Irmãos e Irmãs, hoje a Igreja apresenta o Menino que um dia nasceu em Belém e, já adulto, foi batizado no Jordão, como o Cordeiro de Deus que tira o pecado do mundo e justifica cada pessoa que o acolher como Redentor. Munidos dessa graça, vivem os cristãos enquanto durar a história do mundo. É esta fé que, com júbilo, a Igreja celebra todos os domingos até que chegue o Domingo que não tem fim, celebrado eternamente na Pátria celeste.
Ato Penitencial:  De coração contrito e humilde, aproximemo-nos do Deus justo e santo para que tenha piedade de nós, pecadores. (pausa) Cantemos.

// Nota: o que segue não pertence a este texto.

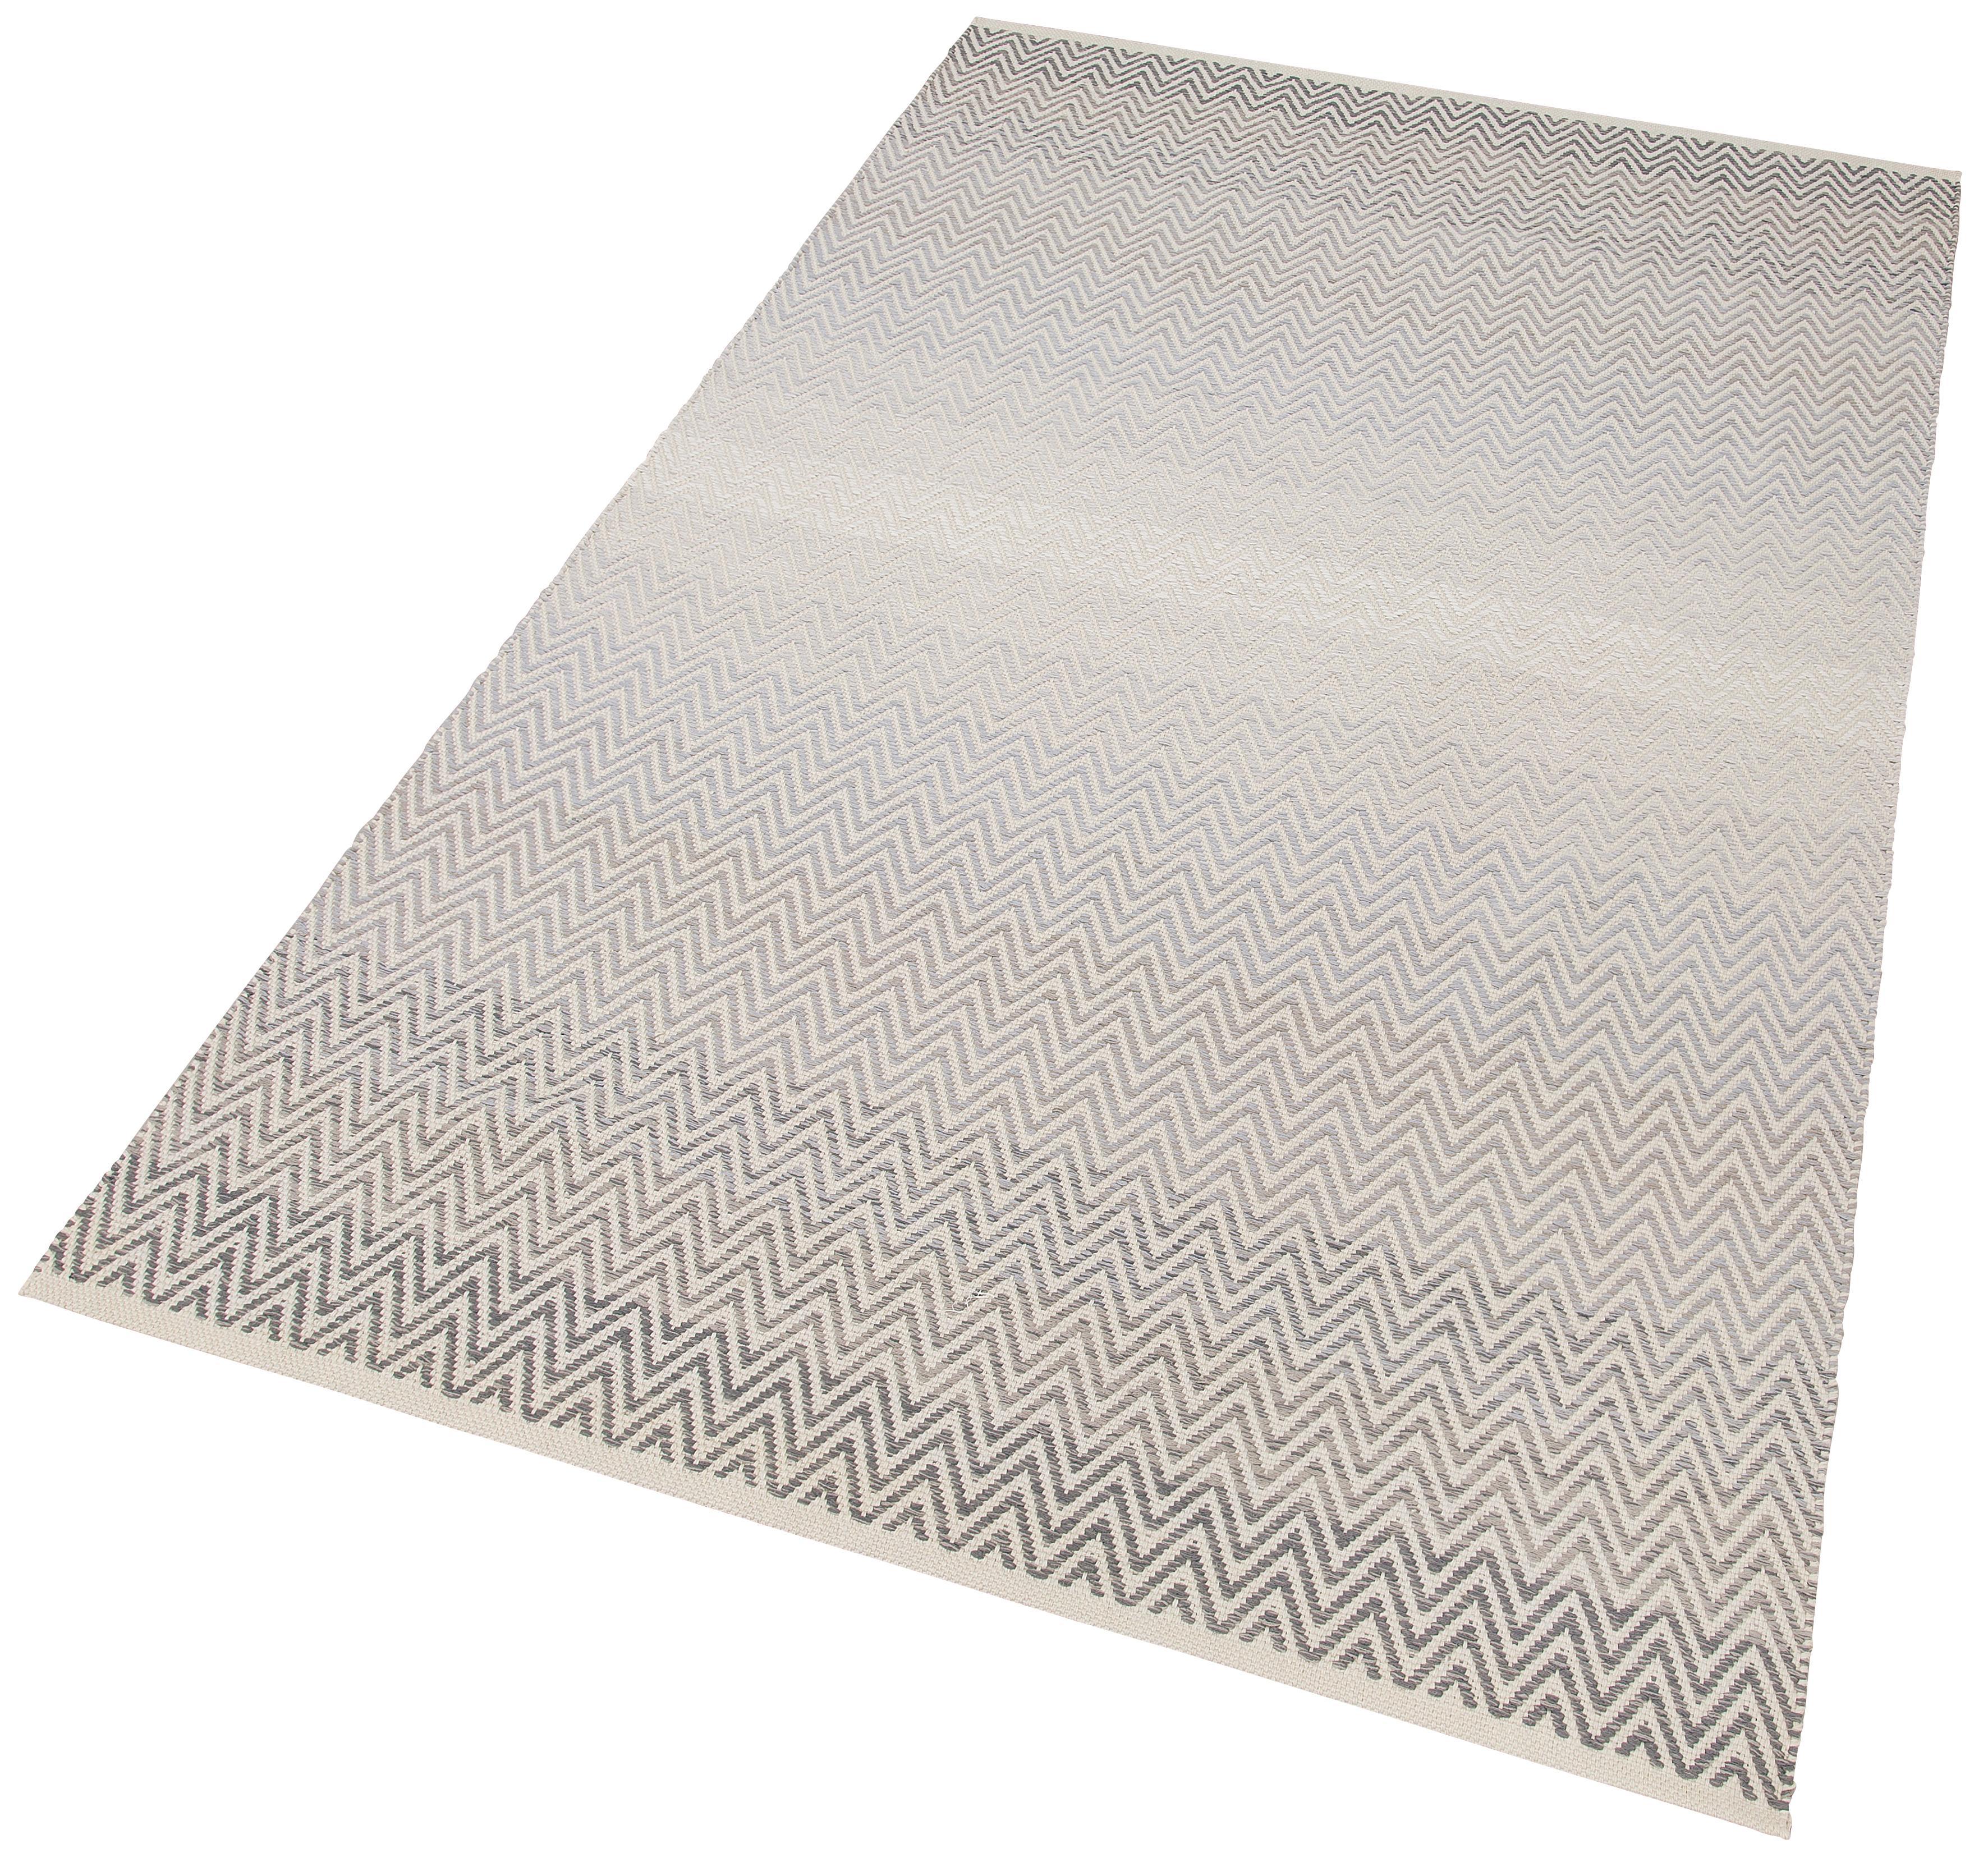 Teppich Delia Home affaire rechteckig Höhe 12 mm handgewebt

Glória: Louvemos ao Senhor por todos os que dão testemunho de Jesus Cristo na sociedade, na comunidade, na família, fazendo o Reino acontecer, cantando.
Entrada da Bíblia:
Liturgia da Palavra: 1ª  Leitura:  (Is 49, 3.5-6)     O servo recebe a missão de anunciar a palavra de Javé para reunir e restaurar o povo disperso.    

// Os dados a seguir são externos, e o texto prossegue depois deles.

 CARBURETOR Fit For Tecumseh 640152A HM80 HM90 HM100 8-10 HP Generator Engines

Salmo: Sl 40 (39)  “Eu disse: Eis que venho, Senhor, com prazer faço a vossa vontade!”                       
2ª Leitura  (1ªCr  1, 1-3)      A graça e a paz de Deus estejam com a comunidade, nos diz o Apóstolo.         
Evangelho: (Jo  1, 29-34)   João Batista apresenta Jesus como o “Cordeiro  de Deus”, isto é, aquele que se doa para que todos tenhamos vida.      
Aclamação ao Evangelho:
Ofertório: Apresentemos ao altar do Senhor as ações e trabalhos realizados pelas pastorais, pessoas, instituições e movimentos em favor da vida. (motivar a oferta)
Comunhão: Todos nós que deixamos a Palavra de Deus ecoar em nossos corações, somos bem-vindos e bem-vindas a esta mesa.  Cantando.
Mensagem Final:  O texto de hoje é a introdução da carta, com endereço, destinatários e saudação. No Evangelho, a proclamação “Eis o Cordeiro de Deus, que tira o pecado do mundo” deve ser compreendida em íntima conexão com o Prólogo de Evangelho de João. A expressão o Cordeiro de Deus anuncia, simultaneamente, a morte de Jesus e a nova Páscoa, ou seja, o êxodo que Deus realizará. É o cordeiro festivo (Páscoa) e libertador (êxodo). A expressão “que tira o pecado do mundo” está em paralelo com “o que batizará com o Espírito Santo”. A ação do Messias é dar ao homem a possibilidade de sair de seu domínio. Jesus é o caminho para passar das trevas à luz. Reflitamos: Ser cristão é ser testemunha de Jesus. Mas que tipo de testemunha é o nosso? De que forma somos servos de Deus? Quem é Jesus para nós? De que forma o conhecemos? Qual é a ação do Espírito Santo na vida de nossas comunidades e em nossa vida? Qual é o pecado do mundo que Jesus, servo-cordeiro, elimina com sua morte e ressurreição?